With an agentic approach, when the agent makes a recommendation and you say "no, that's wrong because of X," that feedback can be captured and stored as context for next time. Over weeks and months, you build up a picture of what matters for this specific process, what's been tried before, what worked, what didn't.
For example - an agent reviews a Google Ads account and recommends pausing some keywords because CPC is high. You look at it and say "those are competitor brand keywords, we're deliberately bidding on those to capture market share, the CPCs are expected to be high." In a structured flow, you'd need to code in an exception for those campaigns and update it every time you launched new competitor keywords. In an agentic setup, that feedback becomes part of the context the agent works with next time - or even a similar flow in a different account. No manual logic updates needed - it just has a new piece of knowledge.

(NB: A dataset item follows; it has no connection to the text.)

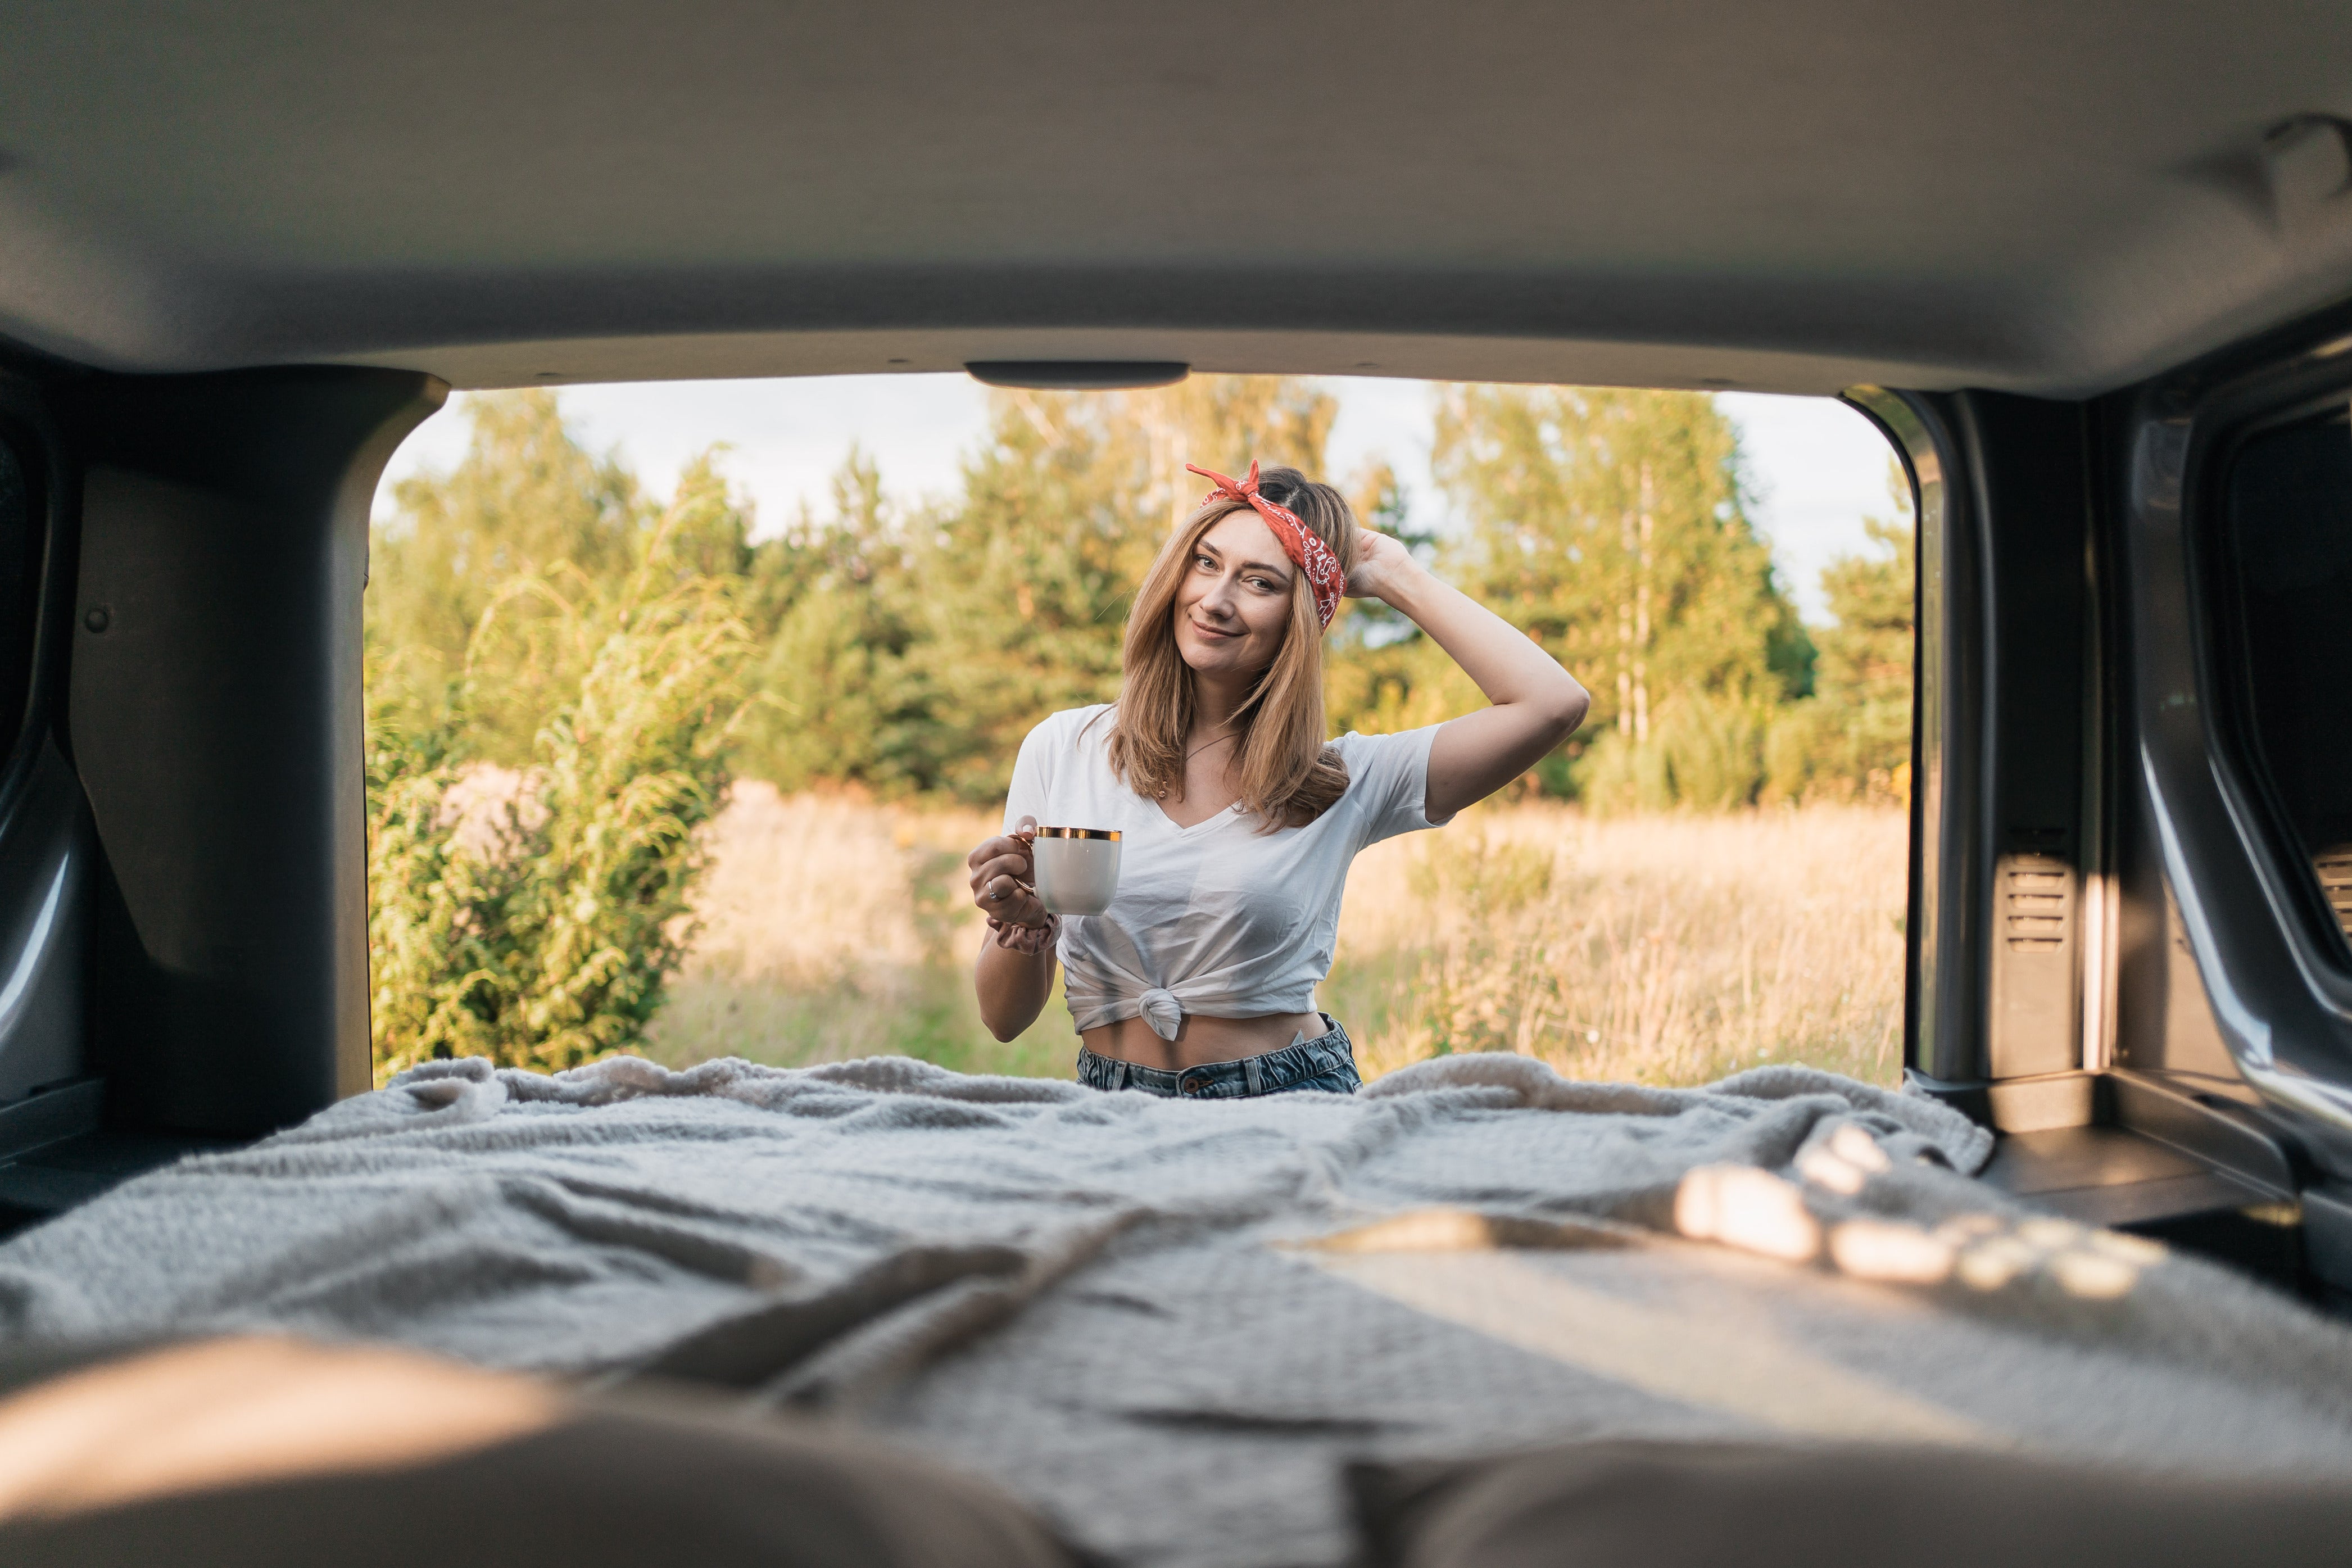 RAXO Base Campervan-Modul – Verwandeln Sie Ihr Auto in einen komfortablen und funktionalen Campervan

Run that process enough times and something genuinely valuable builds up: an externalised version of everything your team knows about each process they run. The little things that make someone with two years experience better than someone picking processes up fresh. Now that knowledge is captured, written down, and available to the agent every time it runs.
The more context an agent has, the better its output. And one of the richest sources of context is the history of its own previous runs and the human feedback on each one. That compounds over time in a way a fixed automation flow simply can't.
Structured flows are frozen on the day you build them. Agentic workflows get better the more you use them.
Where this leaves you
I'm not saying throw away your n8n flows or scripts. If they're working and they're not eating your time with maintenance, keep running them. Structured automation is brilliant for tasks that are the same every time (like moving data around between systems).
But think about where you're spending the most time updating and maintaining automation. Think about the processes where edge cases keep catching you out, where different clients need different handling, where the logic keeps getting more complicated. Those are the tasks where an agentic approach will give you leverage your current setup can't.
Next week I want to go deeper on the context point - because even the best agentic workflow is only as good as the information it's working with. Give an agent bad context and it'll confidently do the wrong thing, which is arguably worse than a rigid flow that at least does exactly what you told it to.
Your expertise - your processes, your client knowledge, your testing history - is what makes the difference between an agent that gives generic textbook advice and one that actually reflects how your business works.